Records shown ::
====================

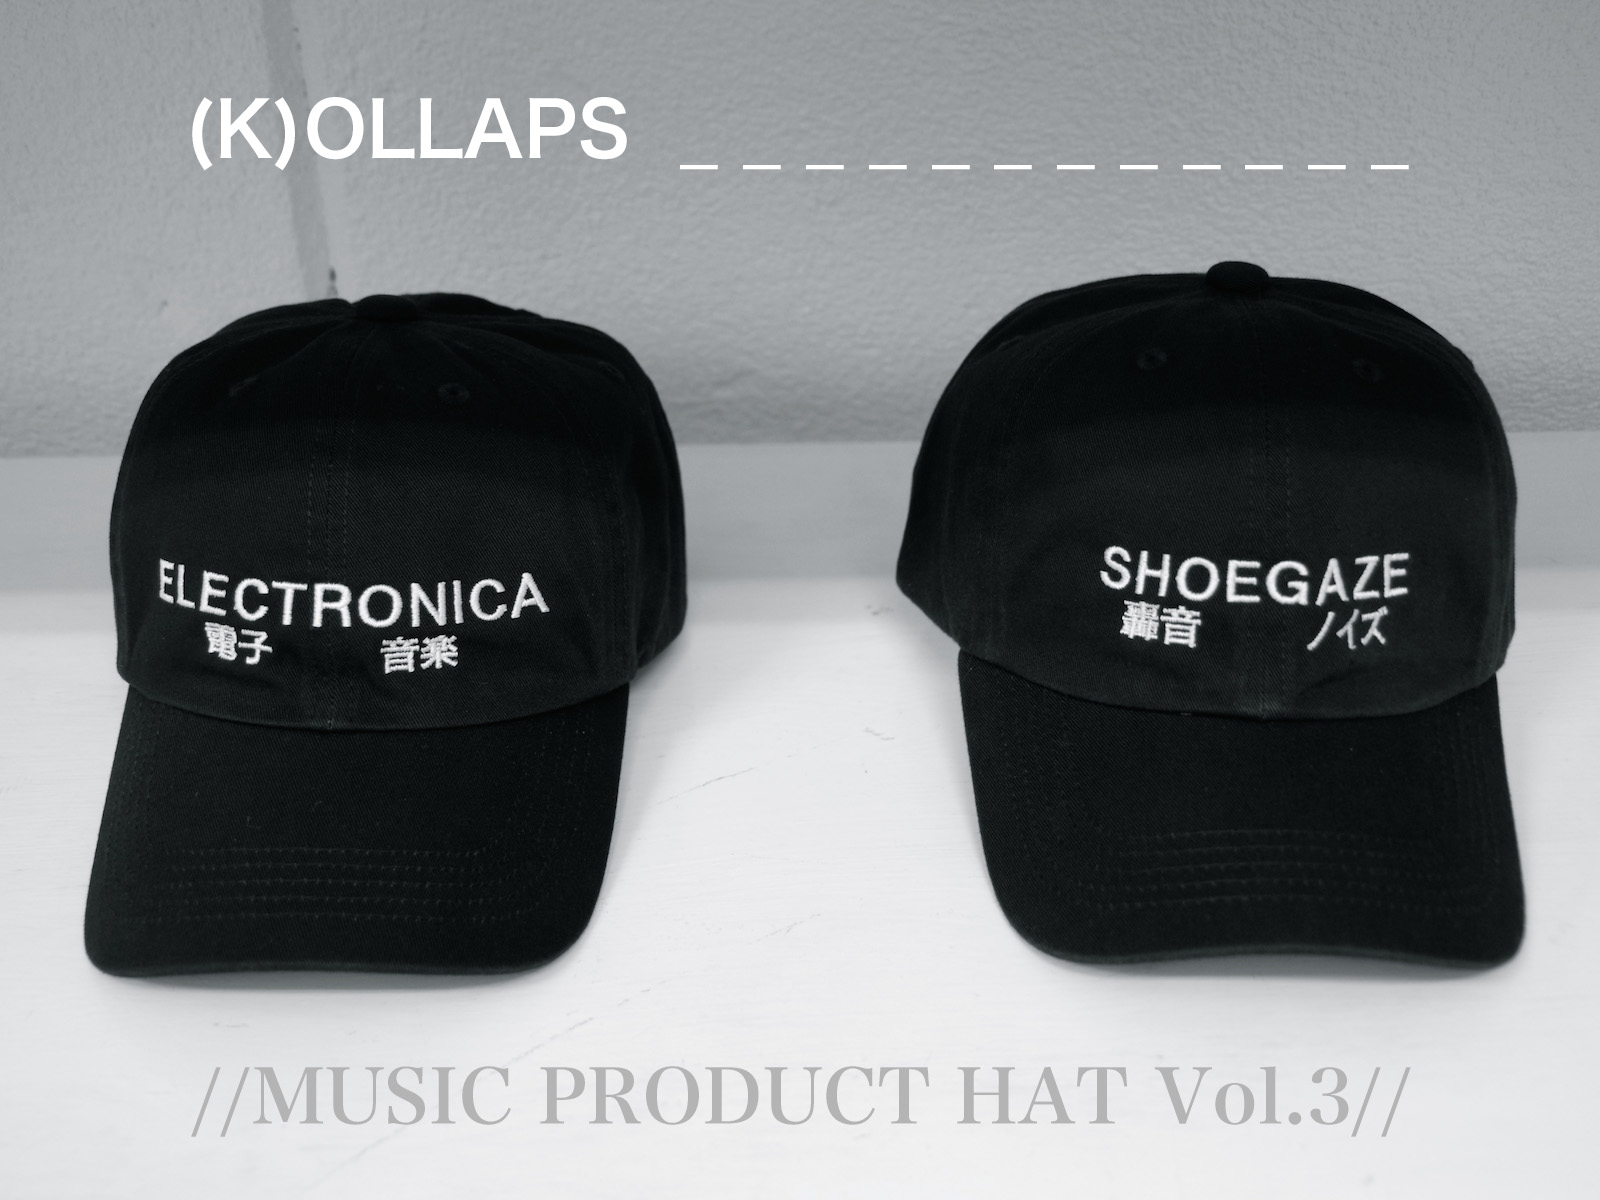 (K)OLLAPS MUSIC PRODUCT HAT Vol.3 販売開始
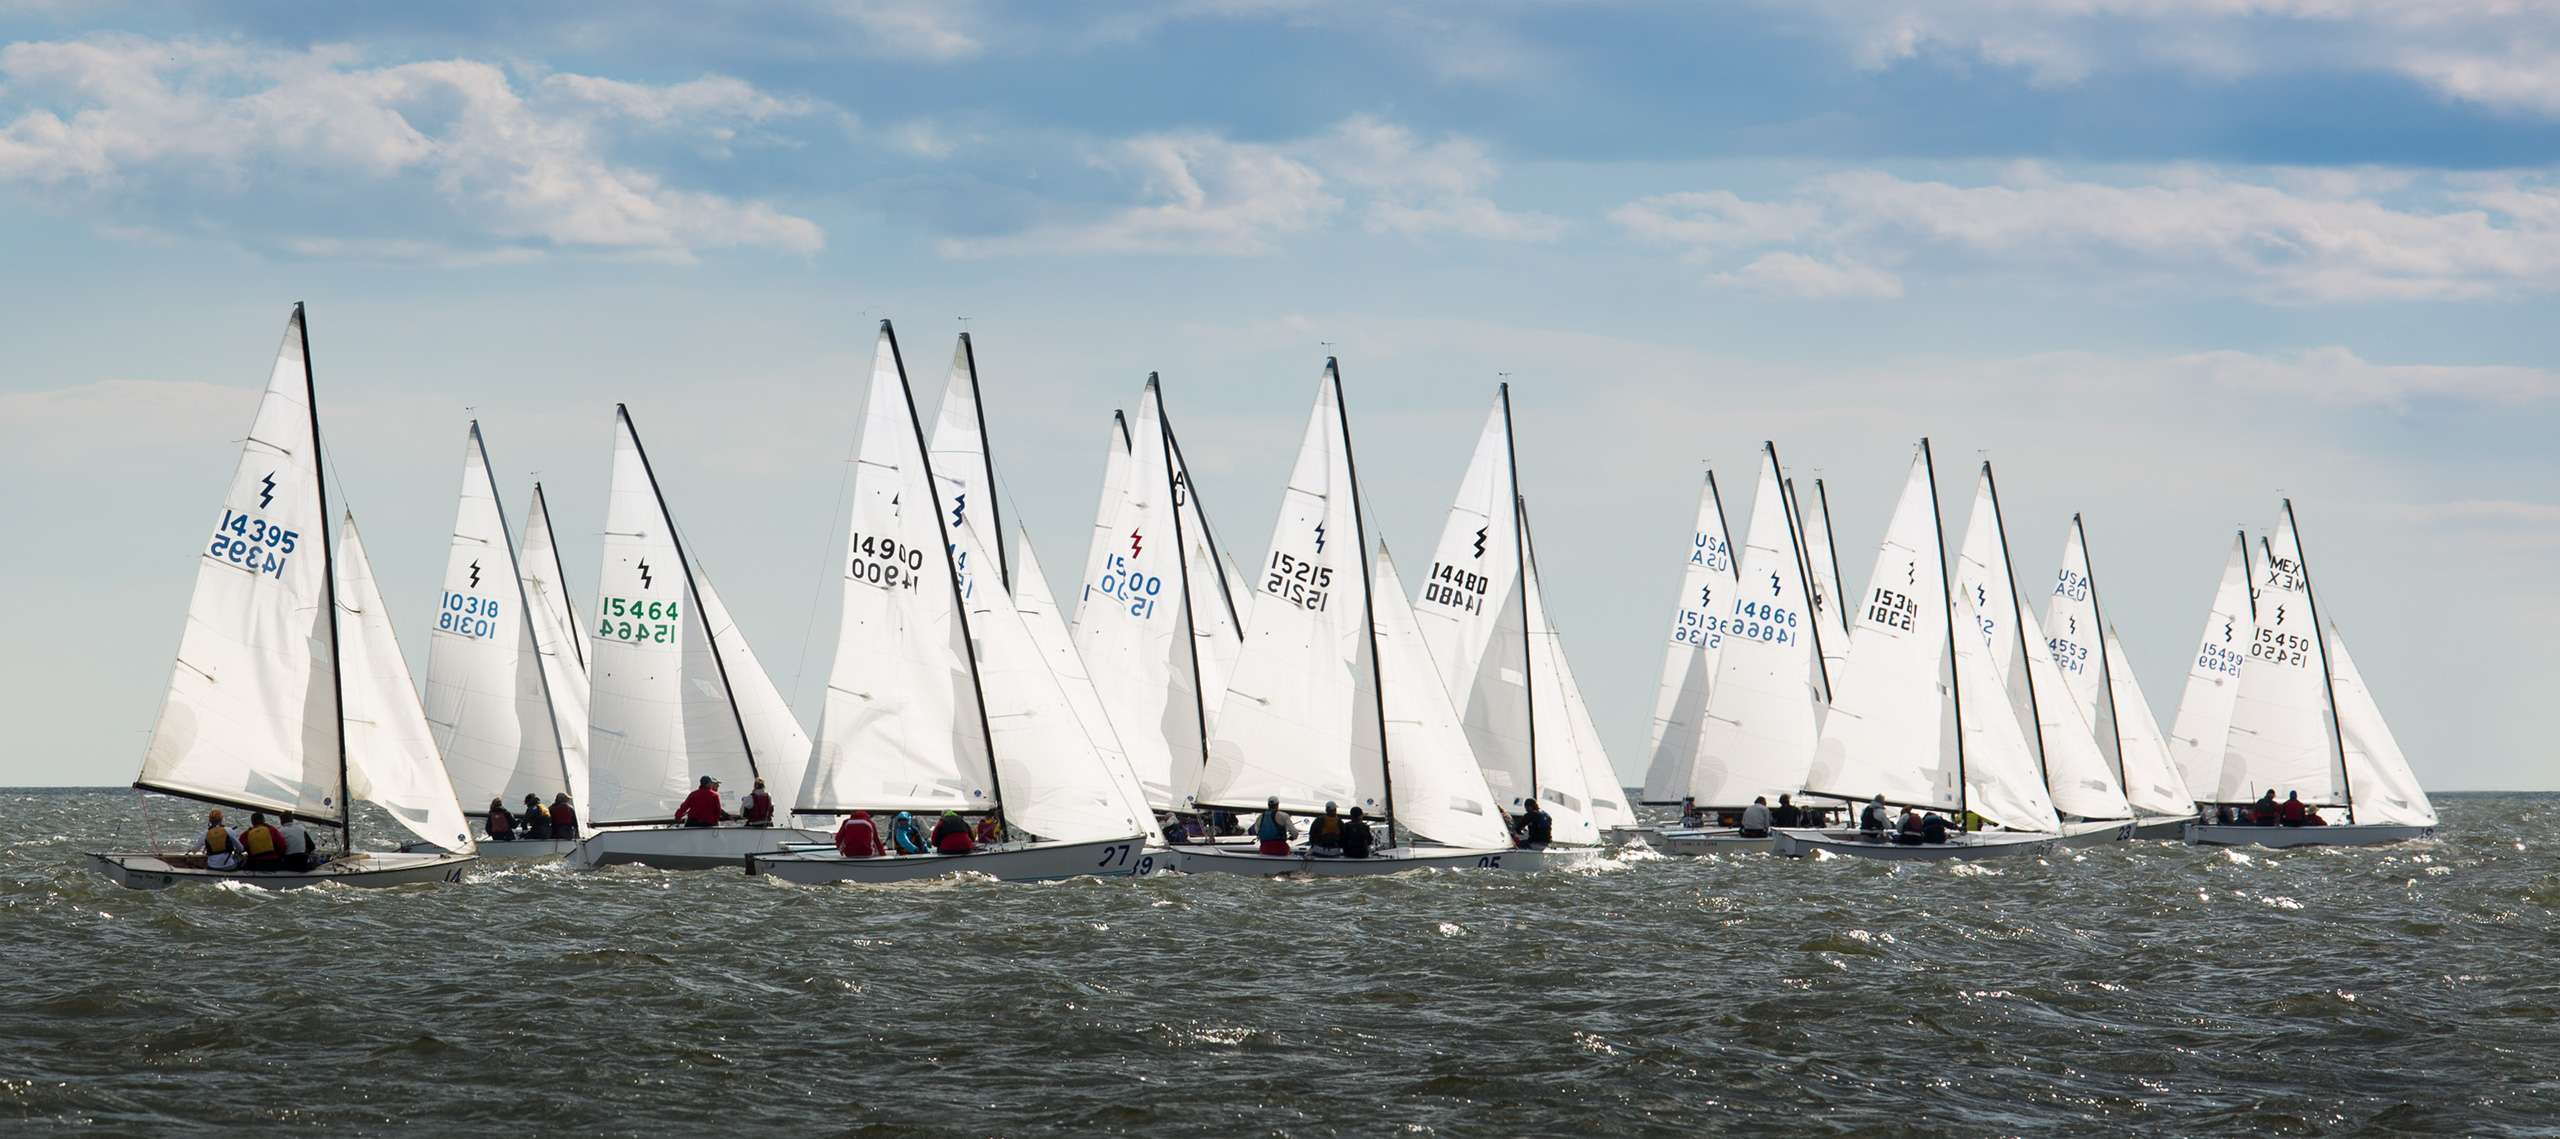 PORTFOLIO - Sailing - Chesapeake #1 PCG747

====================

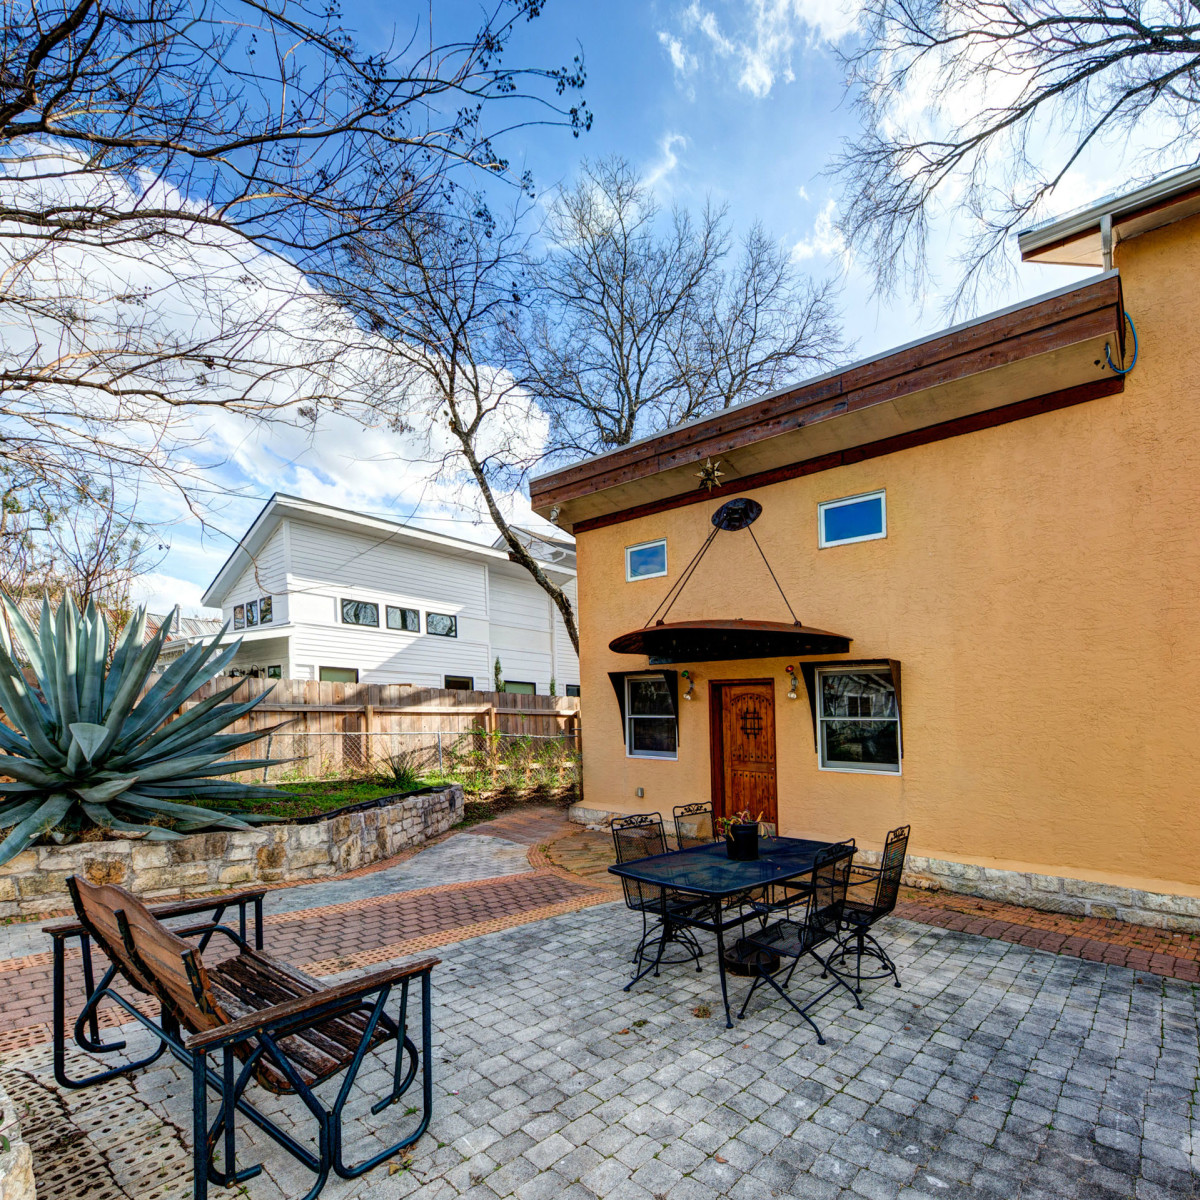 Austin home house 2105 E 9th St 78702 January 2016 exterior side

====================

Work instruction :: Reproduce the data above exactly, but only from the line containing "(K)OLLAPS MUSIC PRODUCT HAT Vol.3 販売開始" through the line containing "PORTFOLIO - Sailing - Chesapeake #1 PCG747"; skip the pictures.

Answer box ::
 (K)OLLAPS MUSIC PRODUCT HAT Vol.3 販売開始
 PORTFOLIO - Sailing - Chesapeake #1 PCG747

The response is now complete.